Thanks again to everyone who attended in person for supporting our requirements for meeting together safely. Interestingly, this was the largest CppCon ever (and the largest C++-specific conference ever as far as I know) in terms of total attendance, though most were attending online. It was good to see and e-see you all! With any luck, by CppCon 2022 our lives will be much closer to normal everywhere in the world… here’s hoping. Thanks again, and stay safe.

Trip report: Summer 2021 ISO C++ standards meeting (virtual)

On Monday, the ISO C++ committee held its third full-committee (plenary) meeting of the pandemic and adopted a few more features and improvements for draft C++23.
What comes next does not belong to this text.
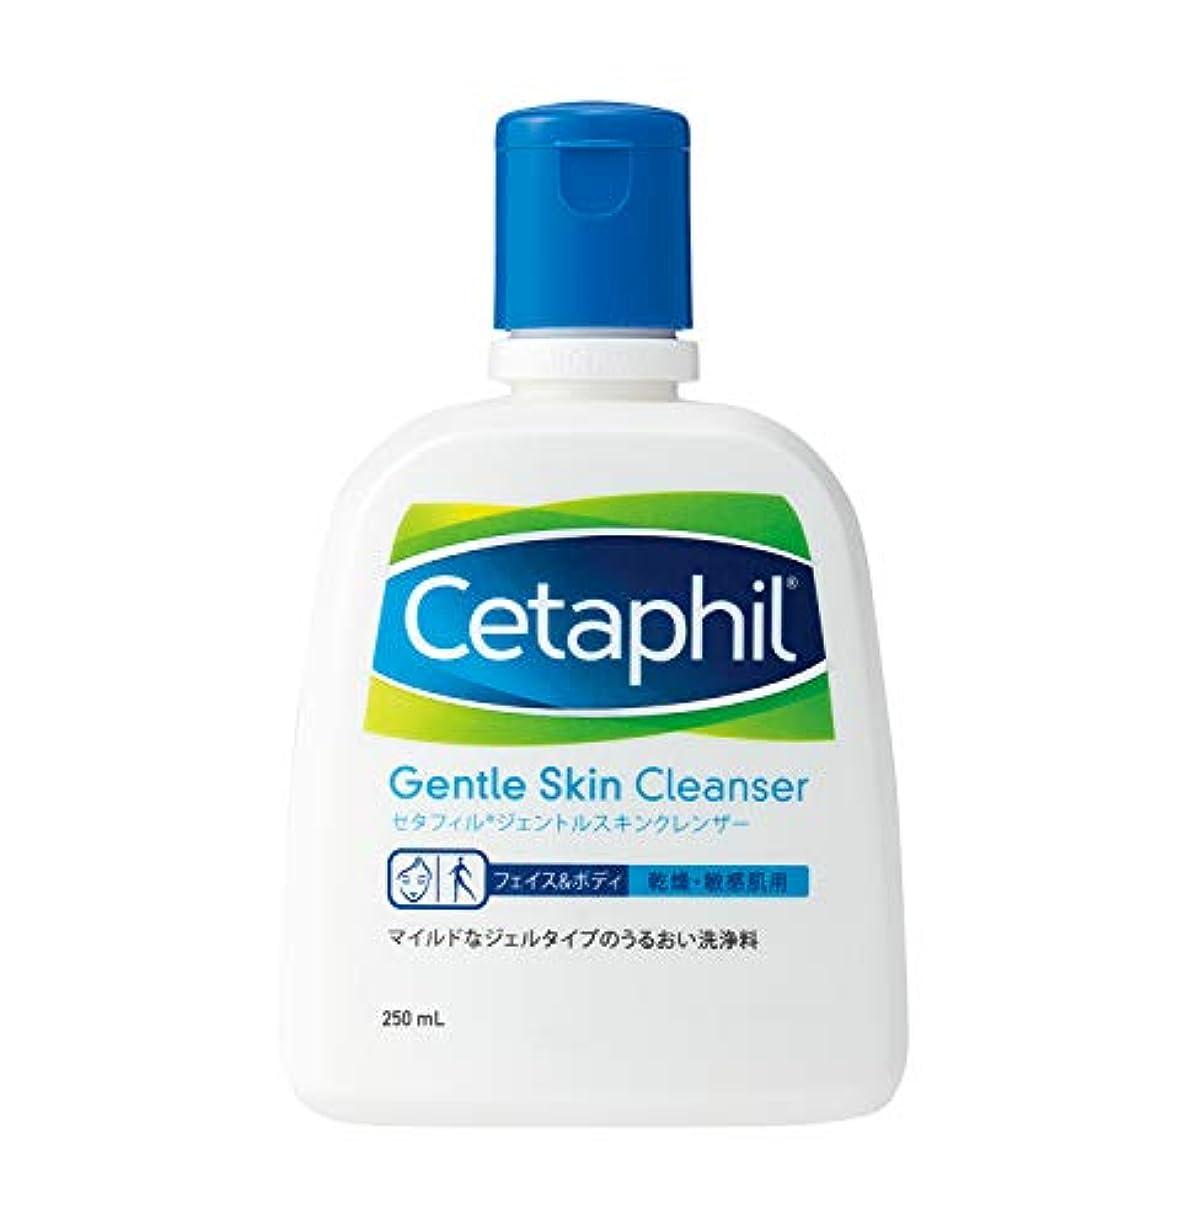 クラシック粘着性韓国セタフィル Cetaphil ® ジェントルスキンクレンザー 250ml (フェイス & ボディ 洗浄料 クレンザー)

We had representatives from 17 voting nations at this meeting: Austria, Bulgaria, Canada, Czech Republic, Finland, France, Germany, Israel, Italy, Netherlands, Poland, Russia, Slovakia, Spain, Switzerland, United Kingdom, and United States. Slovakia is our newest national body to officially join international C++ work. Welcome!

We continue to have the same priorities and the same schedule we originally adopted for C++23, but online via Zoom during the pandemic.

This week: A few more C++23 features adopted

This week we formally adopted a third round of small features for C++23, as well as a number of bug fixes. Below, I’ll list some of the more user-noticeable changes and credit all those paper authors, but note that this is far from an exhaustive list of important contributors… even for these papers, nothing gets done without help from a lot of people and unsung heroes, so thank you first to all of the people not named here who helped the authors move their proposals forward! And thank you to everyone who worked on the adopted issue resolutions and smaller papers I didn’t include in this list.

P1938  by Barry Revzin, Richard Smith, Andrew Sutton, and Daveed Vandevoorde adds the if consteval feature to C++23. If you know about C++17 if constexpr and C++20 std::is_constant_evaluated, then you might think we already have this feature under the spelling if constexpr (std::is_constant_evaluated())… and that’s one of the reasons to add this feature, because that code actually doesn’t do what one might think. See the paper for details, and why we really want if consteval in the language.

P1401 by Andrzej Krzemieński enables testing integers as booleans in static_cast and if constexpr without having to cast the result to bool first (or test against zero). This is a small-but-nice example of removing redundant ceremony to help make C++ code that much cleaner and more readable.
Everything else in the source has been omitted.